### Provided material:
• • • • •

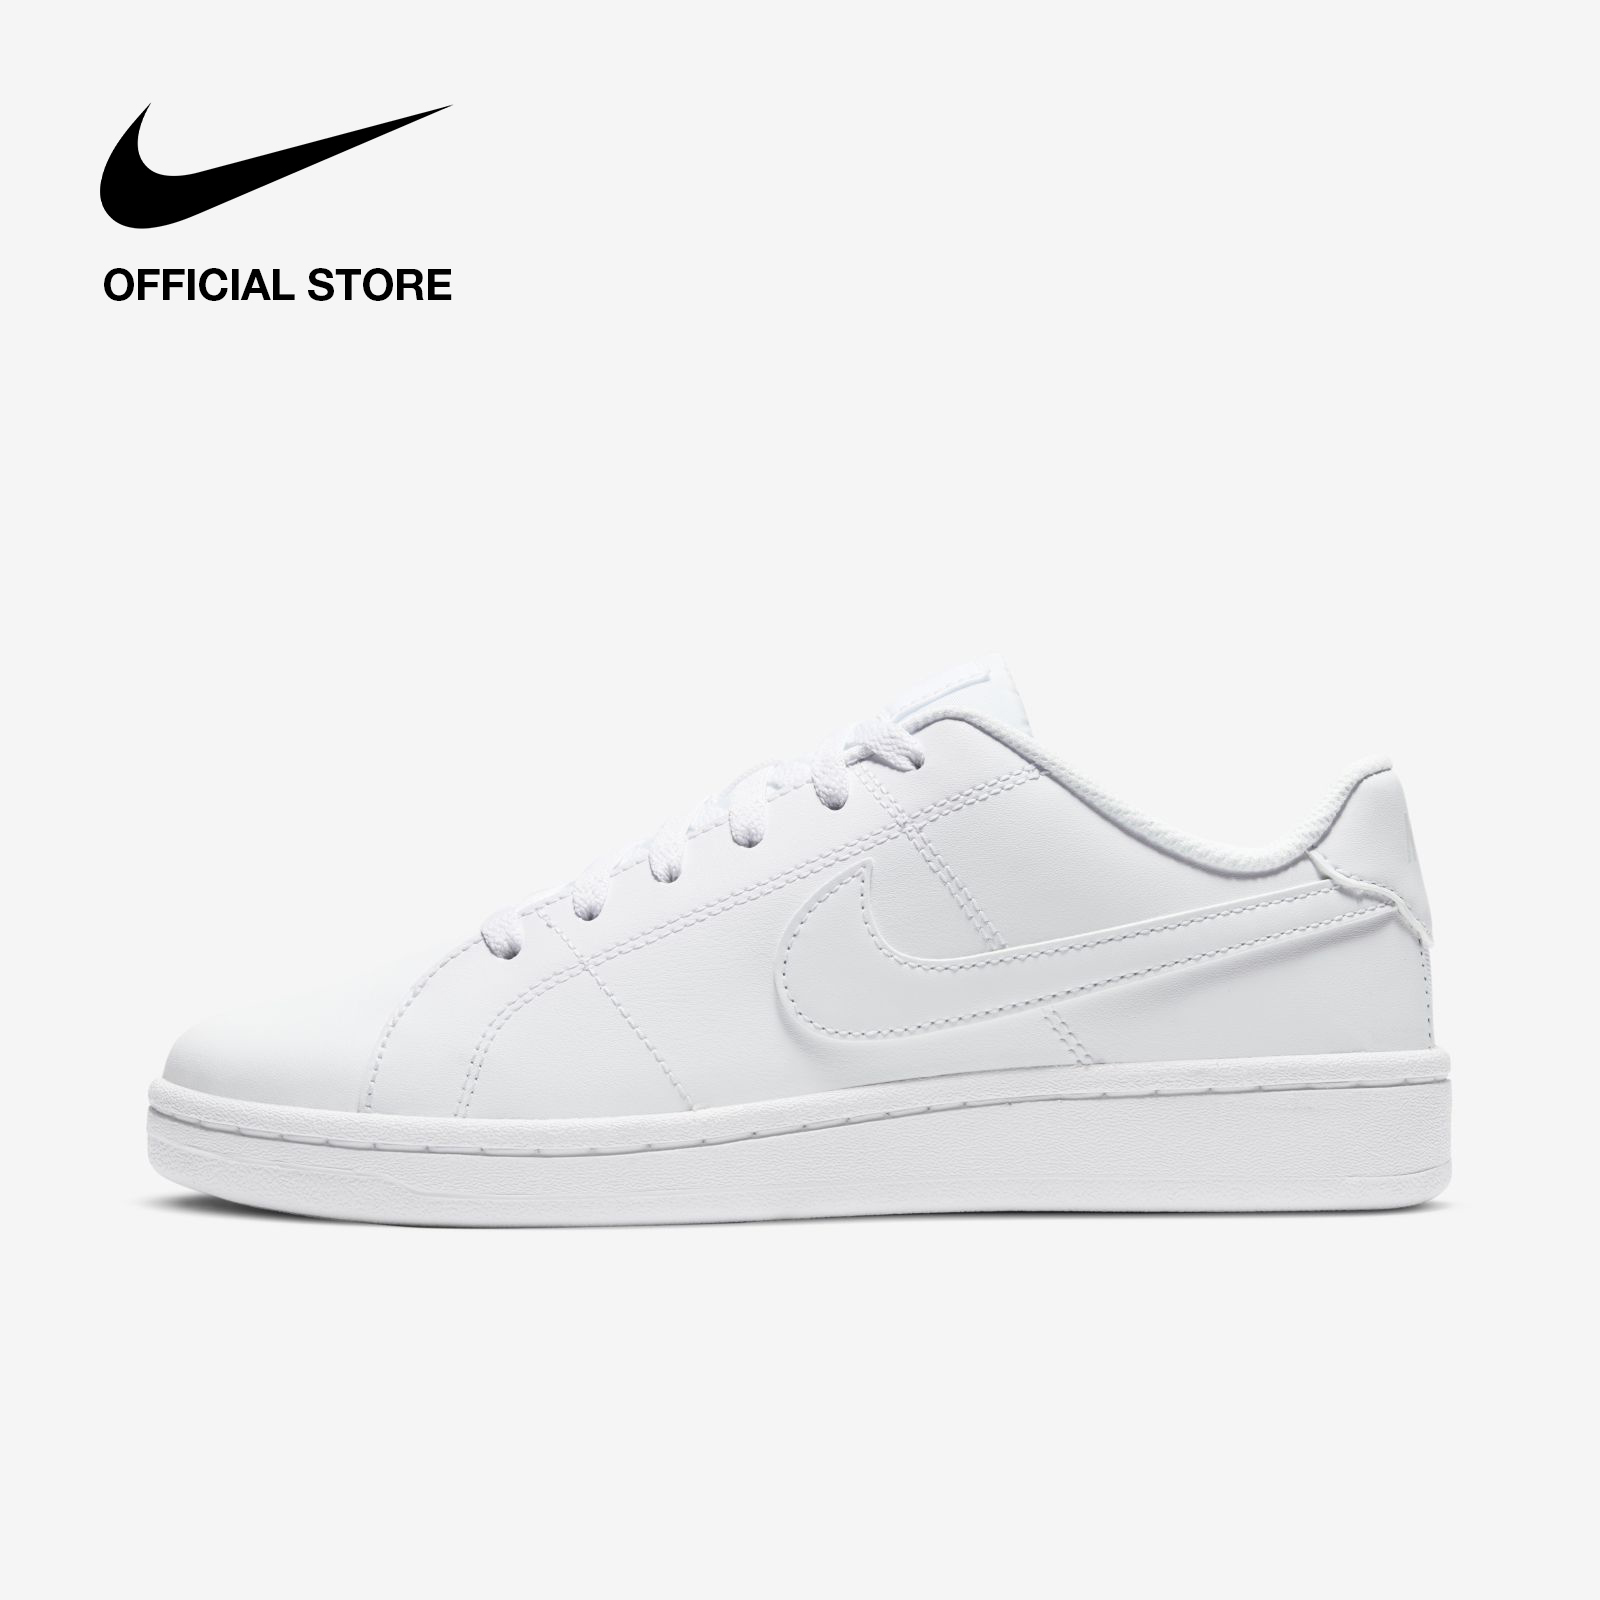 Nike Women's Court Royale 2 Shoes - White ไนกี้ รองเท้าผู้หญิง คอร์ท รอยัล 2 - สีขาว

• • • • •

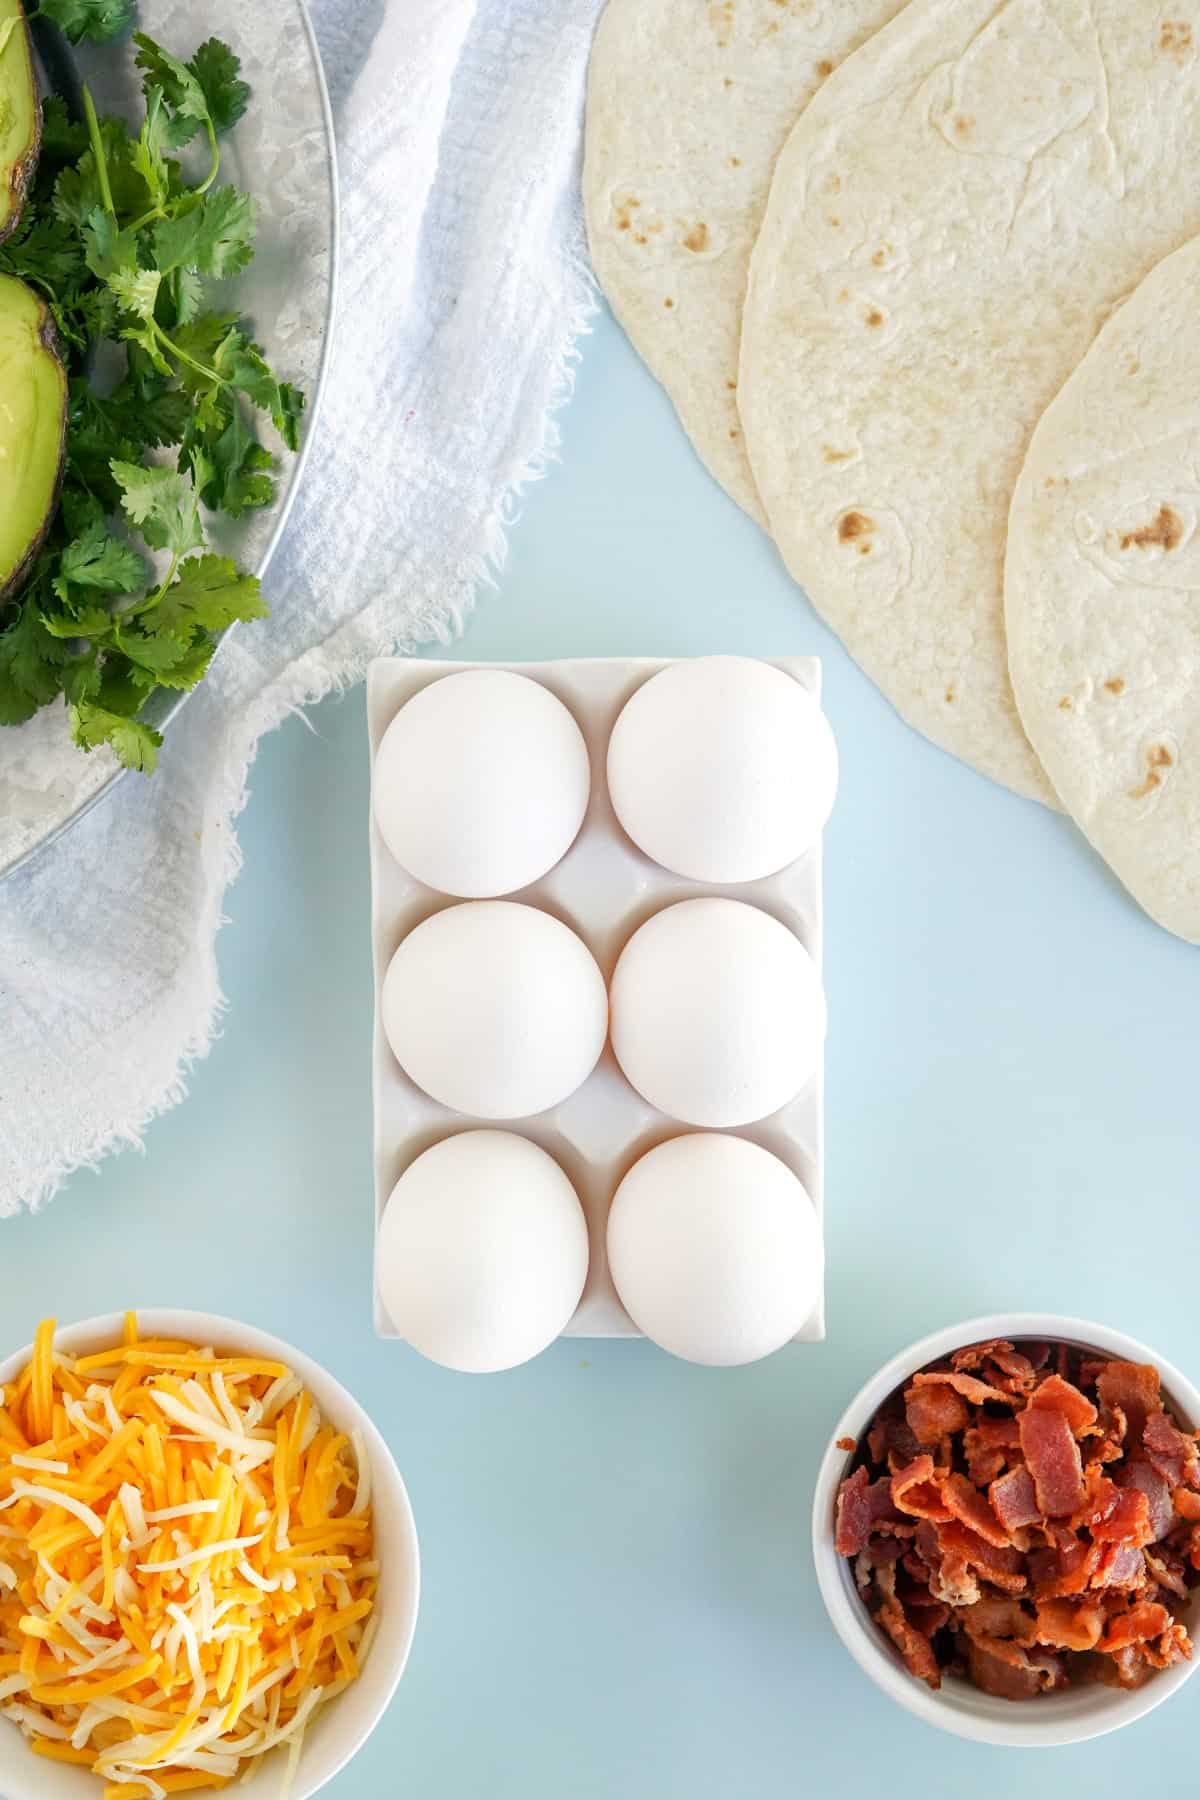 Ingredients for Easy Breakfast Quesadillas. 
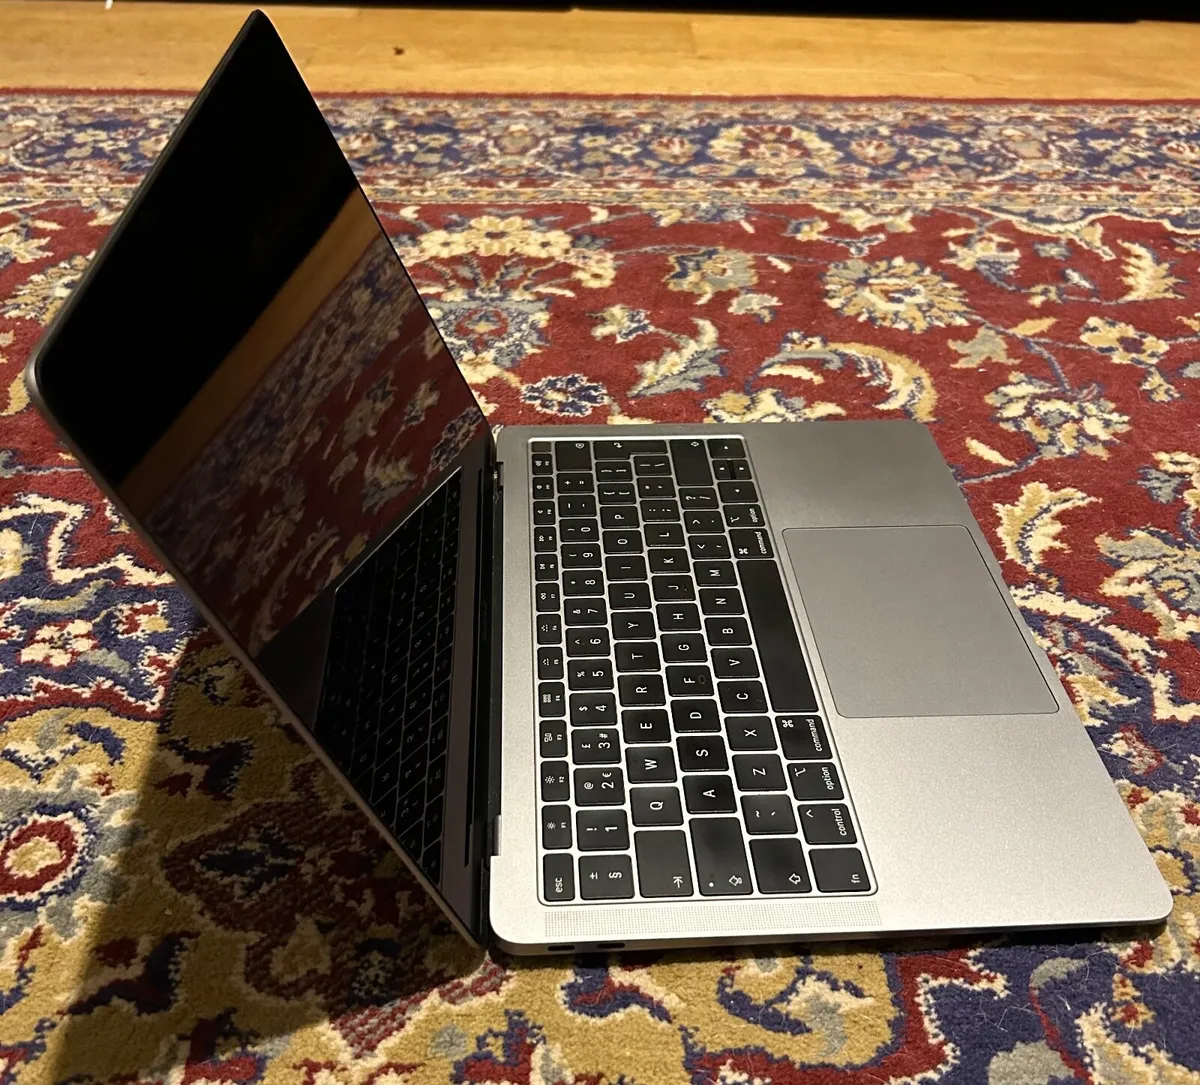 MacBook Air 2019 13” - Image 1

• • • • •

### The task:
The lines to set down run from the line with "Ingredients for Easy Breakfast Quesadillas." up to and including the line with "MacBook Air 2019" in the entries above. Reproduce them exactly, with no pictures.

### Exercise response:
 Ingredients for Easy Breakfast Quesadillas. 
 MacBook Air 2019 13” - Image 1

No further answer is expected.